INSTRUCTIONS FOR THE TASK: Only an exact copy is wanted: the lines from the one holding "Chanel Timeless Jumbo Caviar Black" through the last line below, minus the pictures.

STORED DATA:
━━━━━━

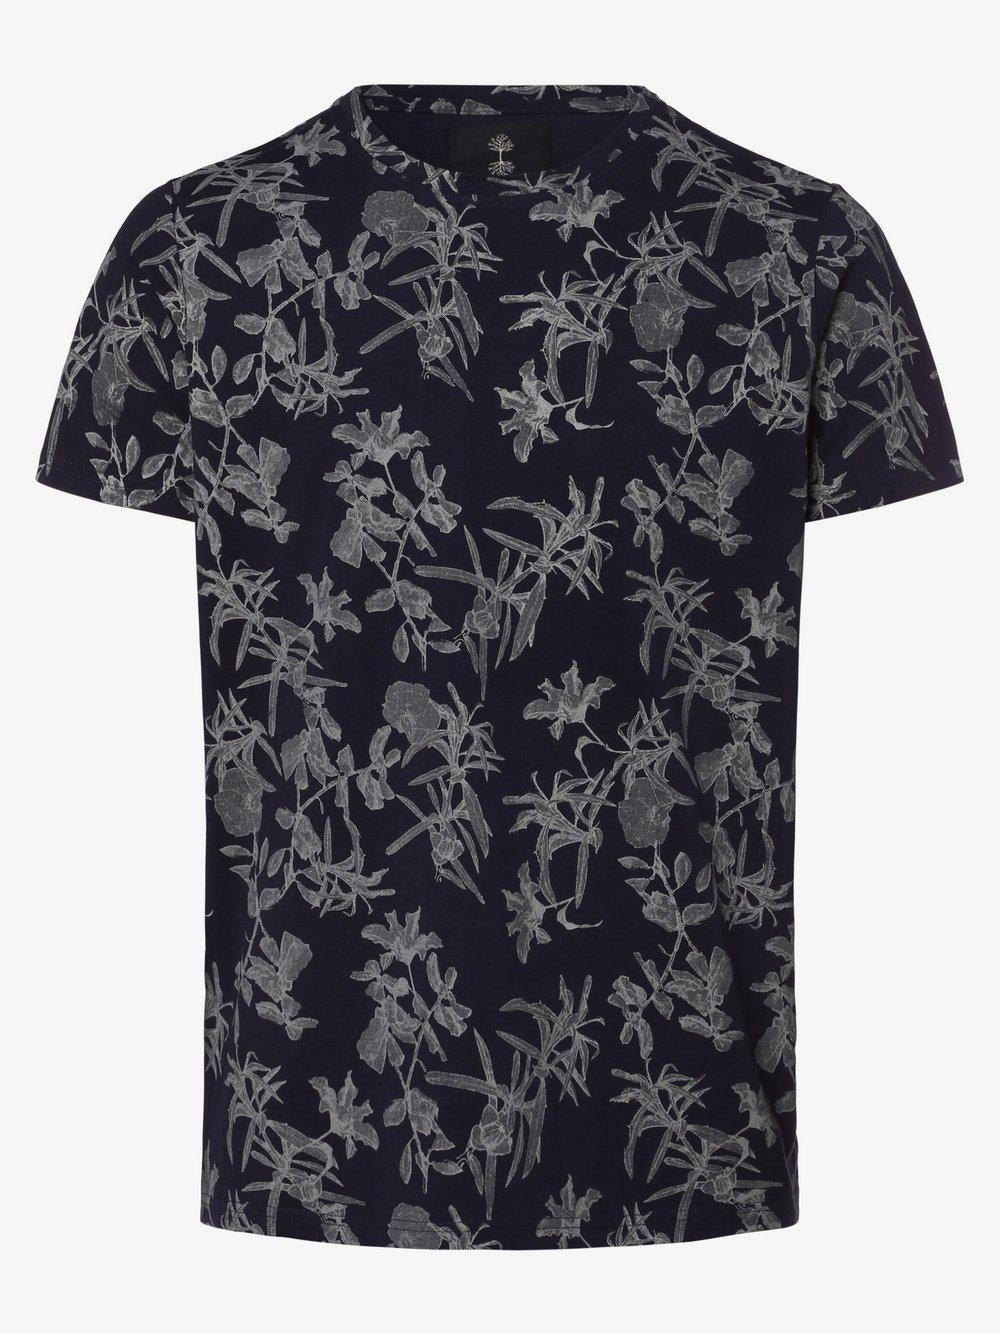 nerve – T-shirt męski – NEJannik, niebieski Van Graaf 477810-0001
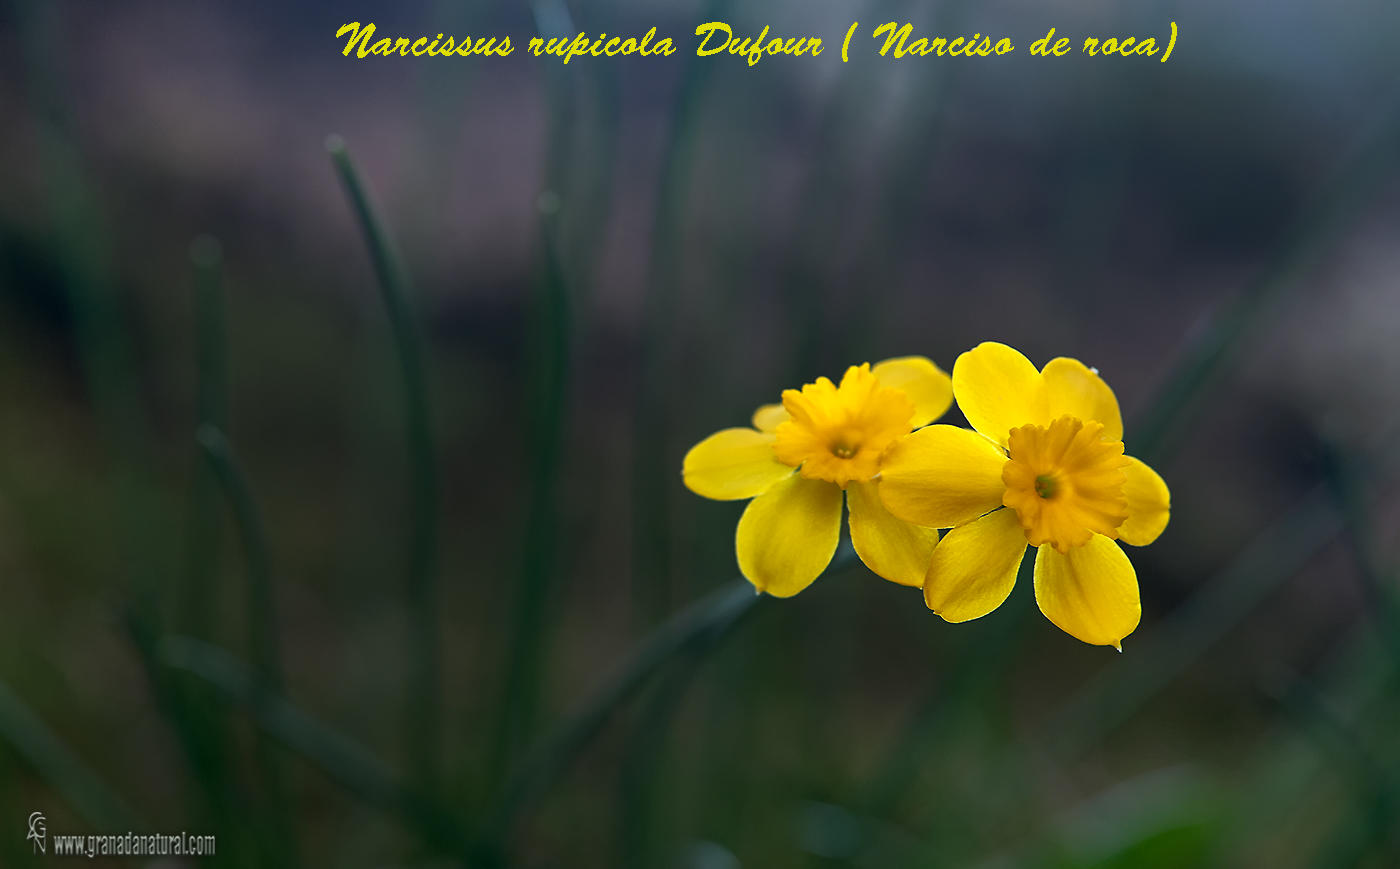 Narcissus rupicola ( Narciso de roca) (Lucas Gutierrez Jiménez)
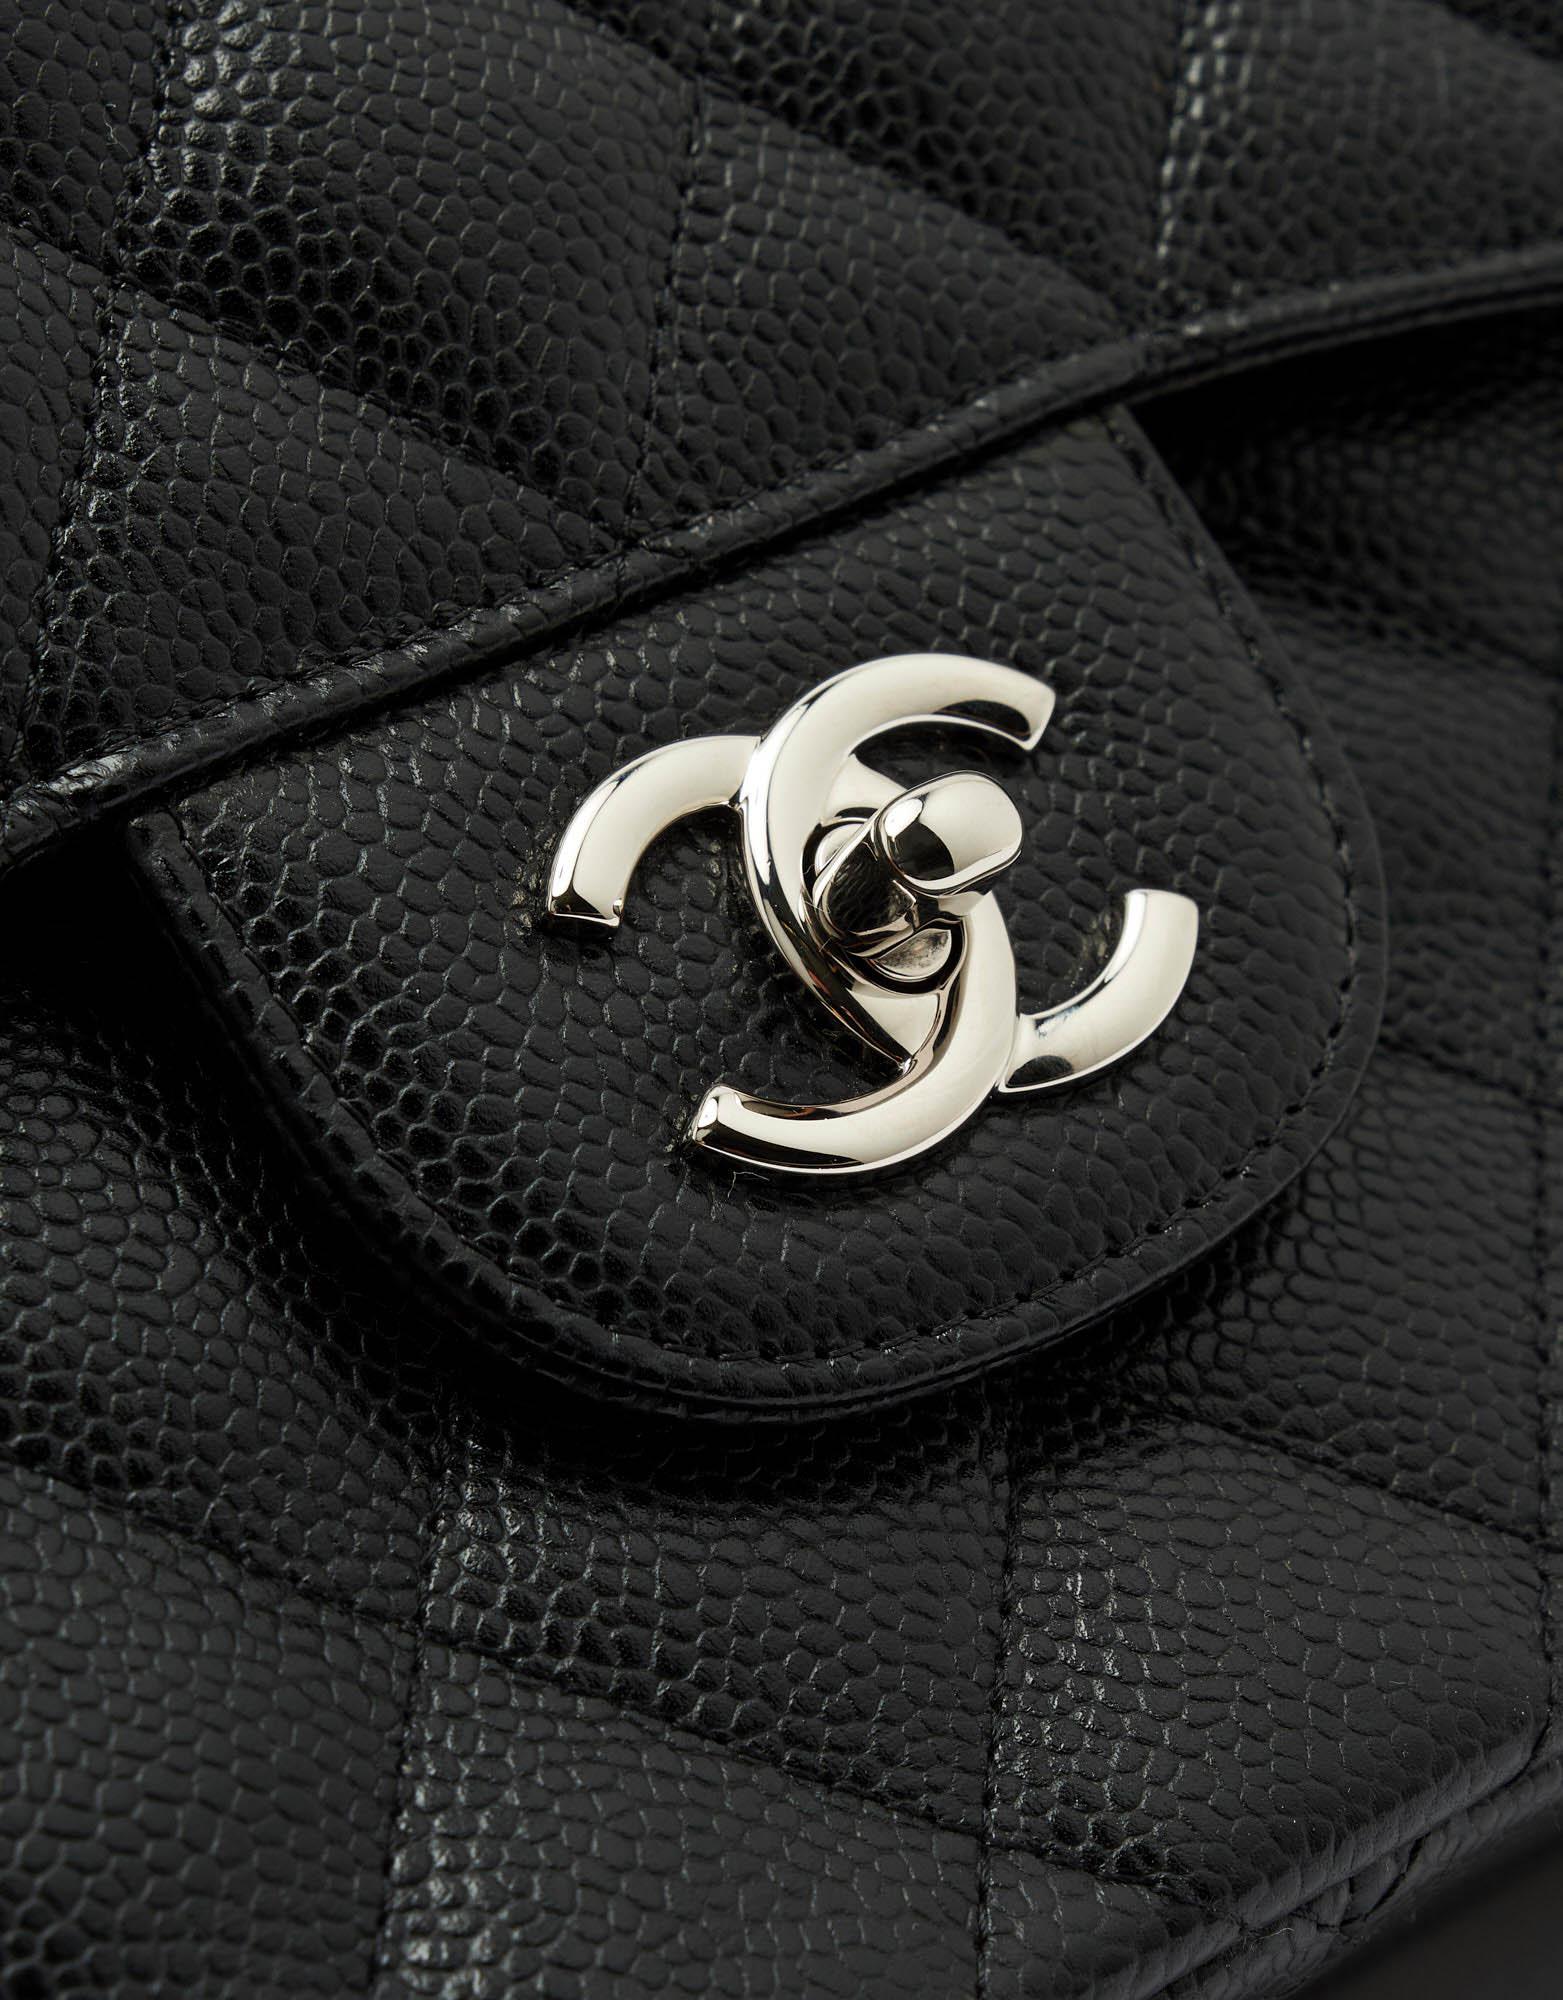 Chanel Timeless Jumbo Caviar Black
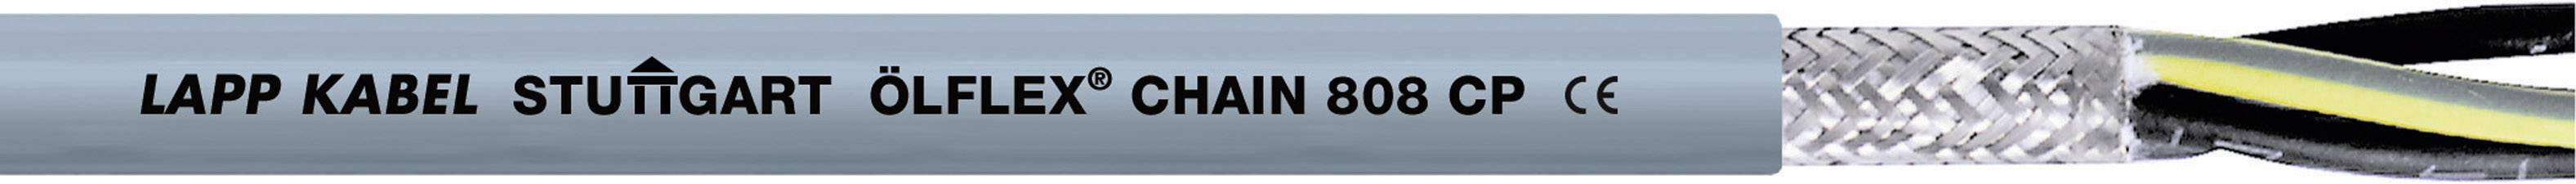 Žíla kabelu LappKabel ÖLFLEX CHAIN 808 CP 5G1,5 (1027778), 5x 1,5 mm², polyurethan, Ø 9,1 mm, stíněný, 100 m,

━━━━━━

SOLUTION FOR THIS EXERCISE:
 Chanel Timeless Jumbo Caviar Black
 Žíla kabelu LappKabel ÖLFLEX CHAIN 808 CP 5G1,5 (1027778), 5x 1,5 mm², polyurethan, Ø 9,1 mm, stíněný, 100 m,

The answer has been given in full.